Detection of splicing junctions
RNAseq data obtained from DSY562 and DSY565 were imported as fastq file into Geneious (9.1.8). Splice junctions were detected using Tophat RNAseq aligner (Trapnell et al. 2009).
Counter-clamped homogeneous electric field (CHEF) analysis
Two or three colonies of each yeast strain were inoculated in YEPD liquid medium and incubated overnight at 30°C with agitation. A culture volume corresponding to 109 cells was pelleted at 3000 g for 5 min, and cells were washed in 5 ml 50 mM EDTA (pH 9). The pellet was resuspended in 330 μl 50 mM EDTA. Next, 110 μl of SCE (1 M sorbitol, 10 mM EDTA, 100 mM sodium citrate [pH 5.8], adjusted with citric acid) was added and then completed with 5%-mercaptoethanol and Zymolyase 100T (100 units/ml) (solution I). The solution was gently mixed with 560 μl of GTG agarose and rapidly distributed into molds of 10 by 5 by 2 mm.

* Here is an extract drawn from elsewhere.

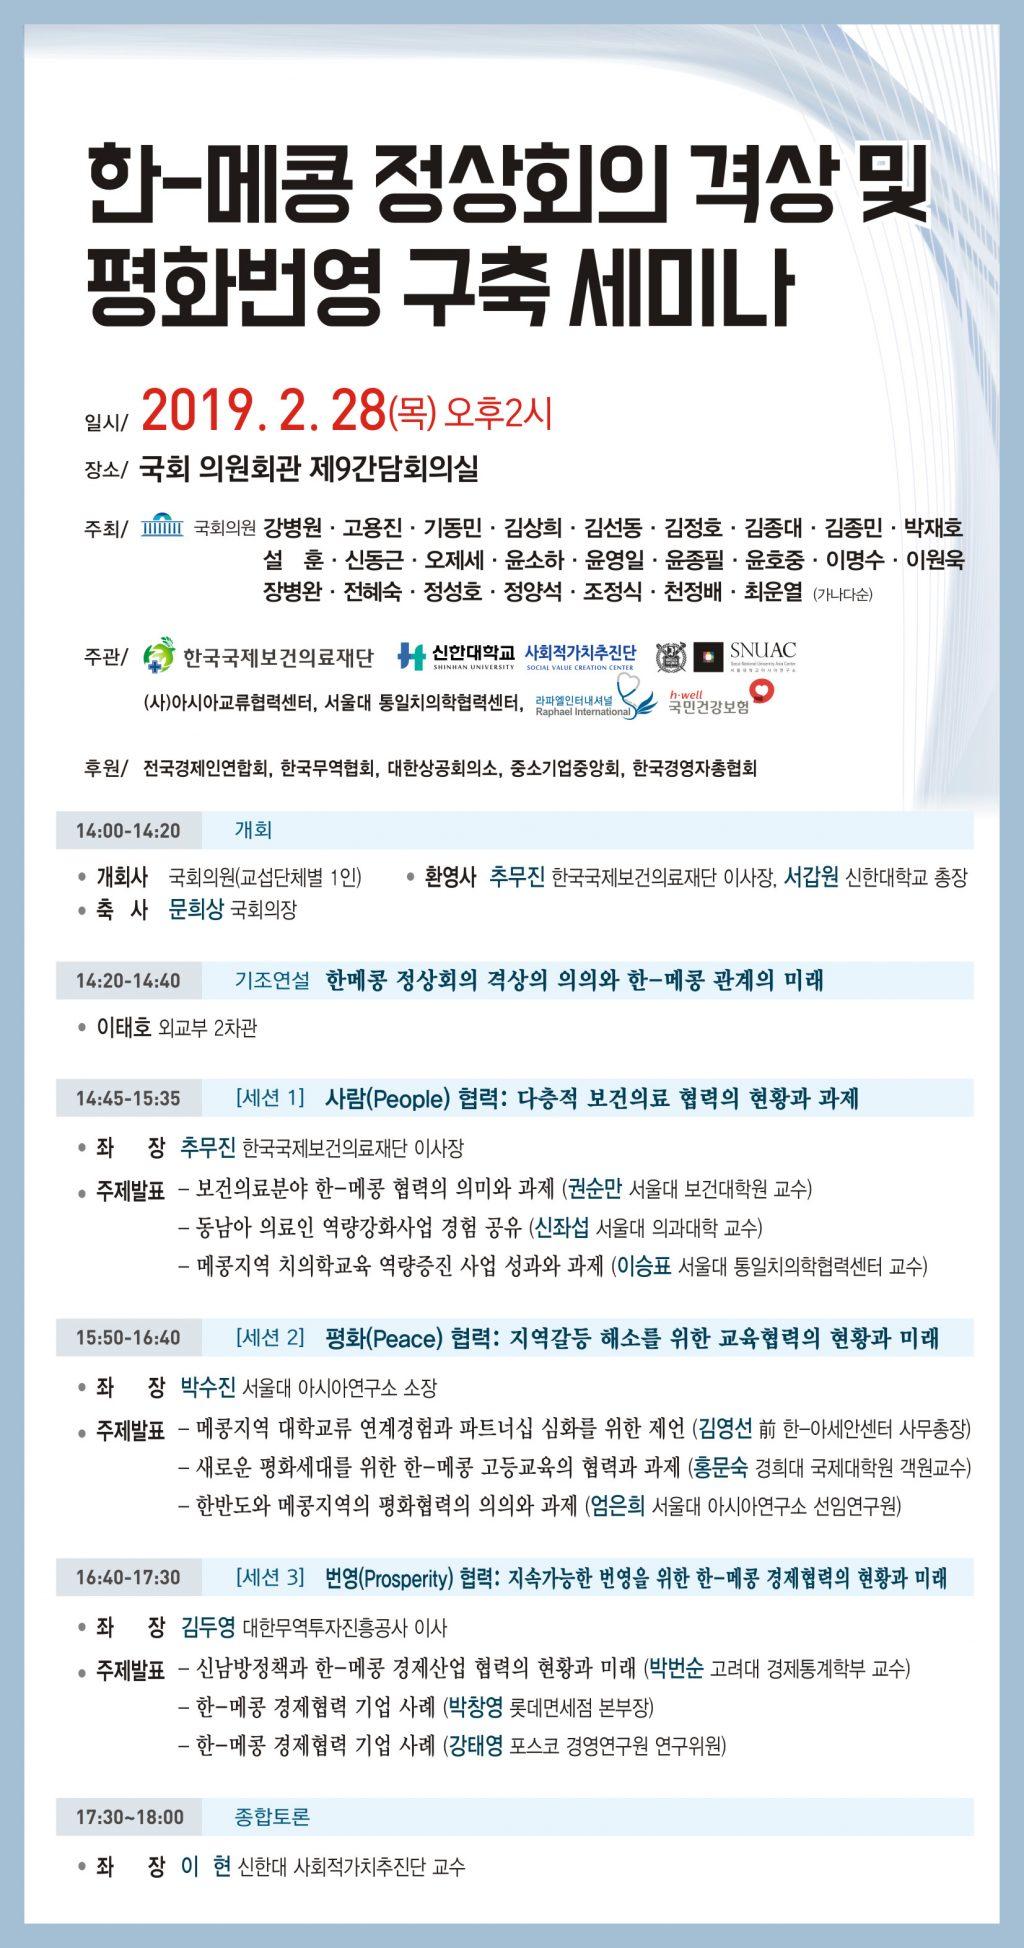 Korea-Mekong Summit and Peace-Prosperity Promotion Seminar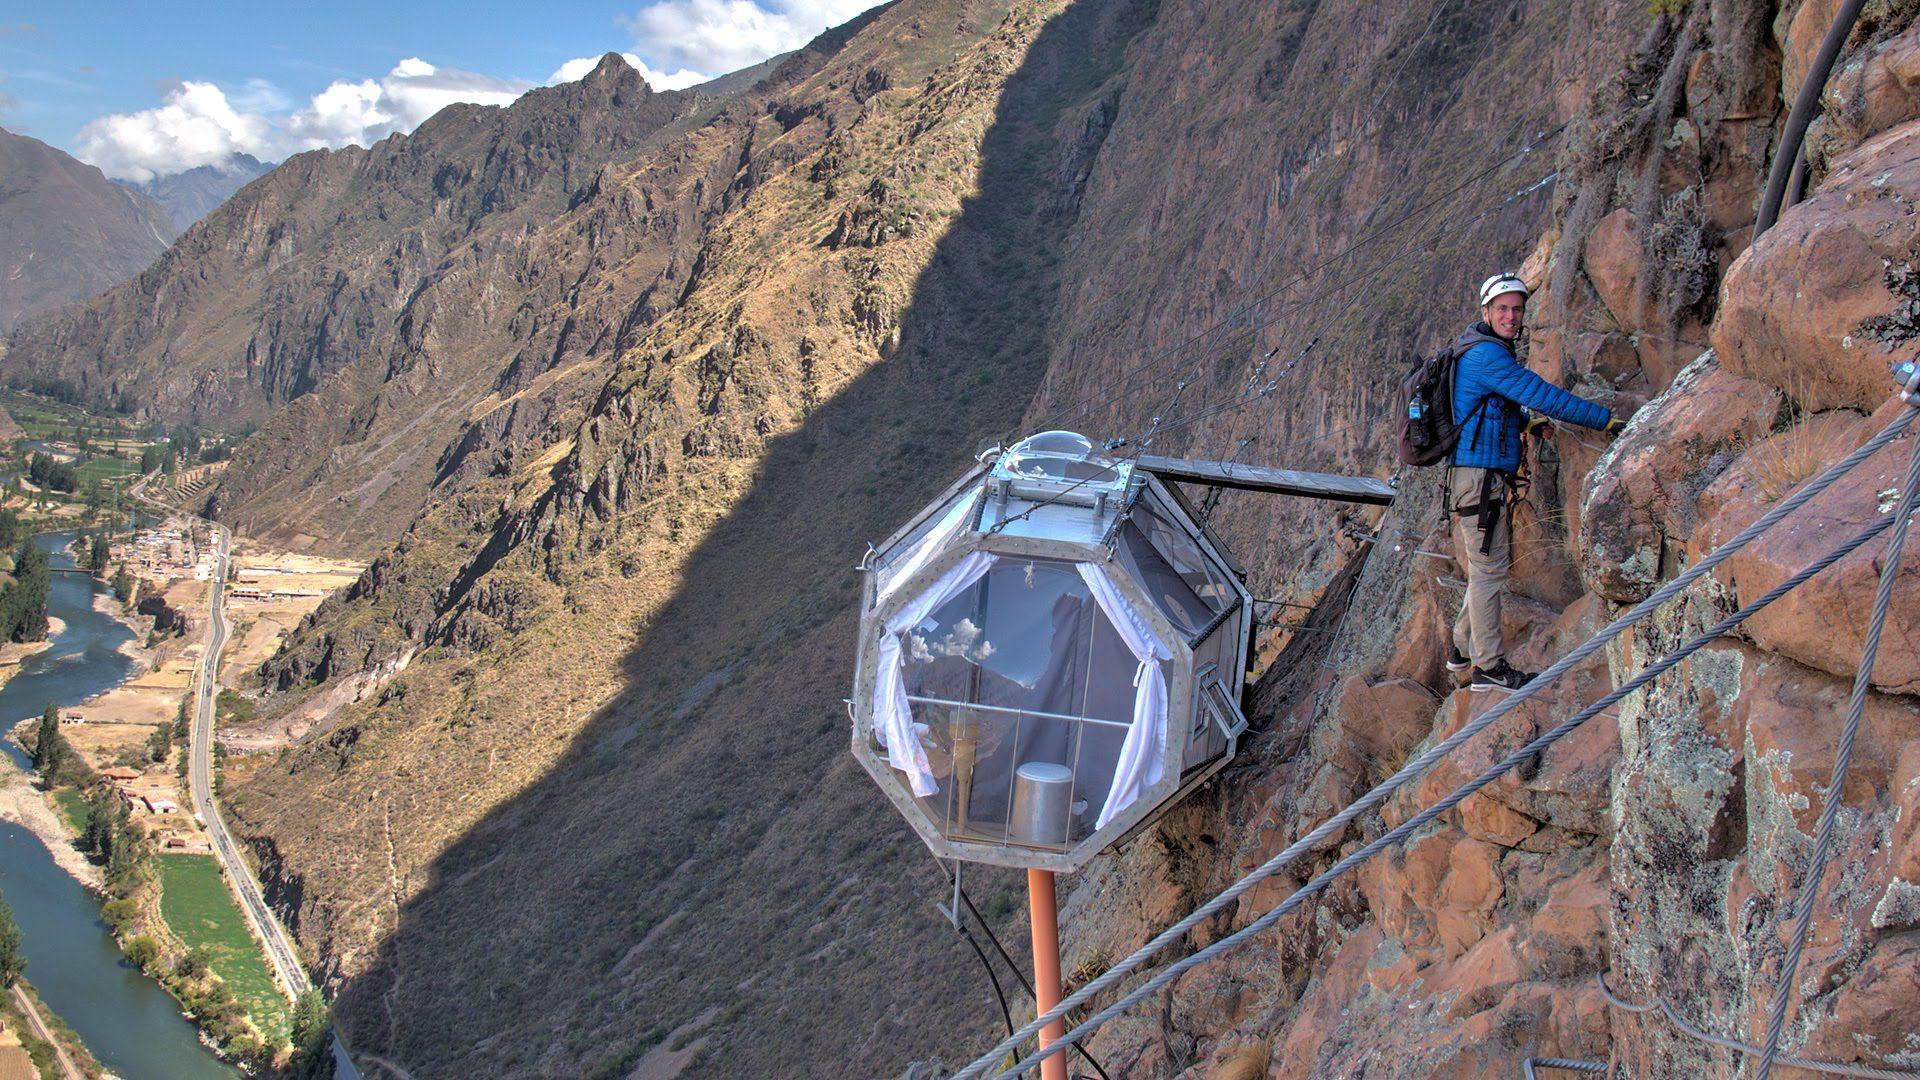 Skylodge - Coolest Hotel In World Peru

The solidified plugs were immersed in solution II (450 mM EDTA, 10 mM Tris-HCl [pH 8], 7,5% -mercaptoethanol) and incubated overnight at 37°C without agitation. Solution II was replaced by solution III (450 mM EDTA, 10 mM Tris-HCl [pH 8], 1% N-lauryl-Sarkosyl, and 150 mg/ml proteinase K). Plugs were incubated for 6 h at 65°C without agitation and kept for 10 min on ice. Finally, plugs were transferred in a 0.5 M EDTA (pH 9) solution and stored at 4°C for several months. One-third of the plug was loaded into wells of 0.6% GTG agarose gel in 0.5% Tris-borate-EDTA. The gel was then placed into the electrophoresis chamber of a CHEF DR II (Bio-Rad, Zürich, Switzerland) apparatus. Migration was performed in 0.5% Tris-borate-EDTA at 14°C with the following steps: block 1, 60- to 120-min switch, 6 V/cm, and 120°C over 24 h; block 2, 120- to 300-min switch, 4.5 V/cm, and 120°C over 22 h. After gel electrophoresis, gels were stained with ethidium bromide to reveal DNA under ultraviolet light.
Acknowledgements
This work was supported to a grant from the Swiss National Research Foundation 31003A_146936. The authors are thankful to F. Ischer for technical assistance and the LGFT (University of Lausanne) for technical support. The purchase of the Pacific Biosciences RSII instrument at the University of Lausanne was financed in part by the “Loterie Romande” through the “Fondation pour la Recherche en Médecine Génétique”.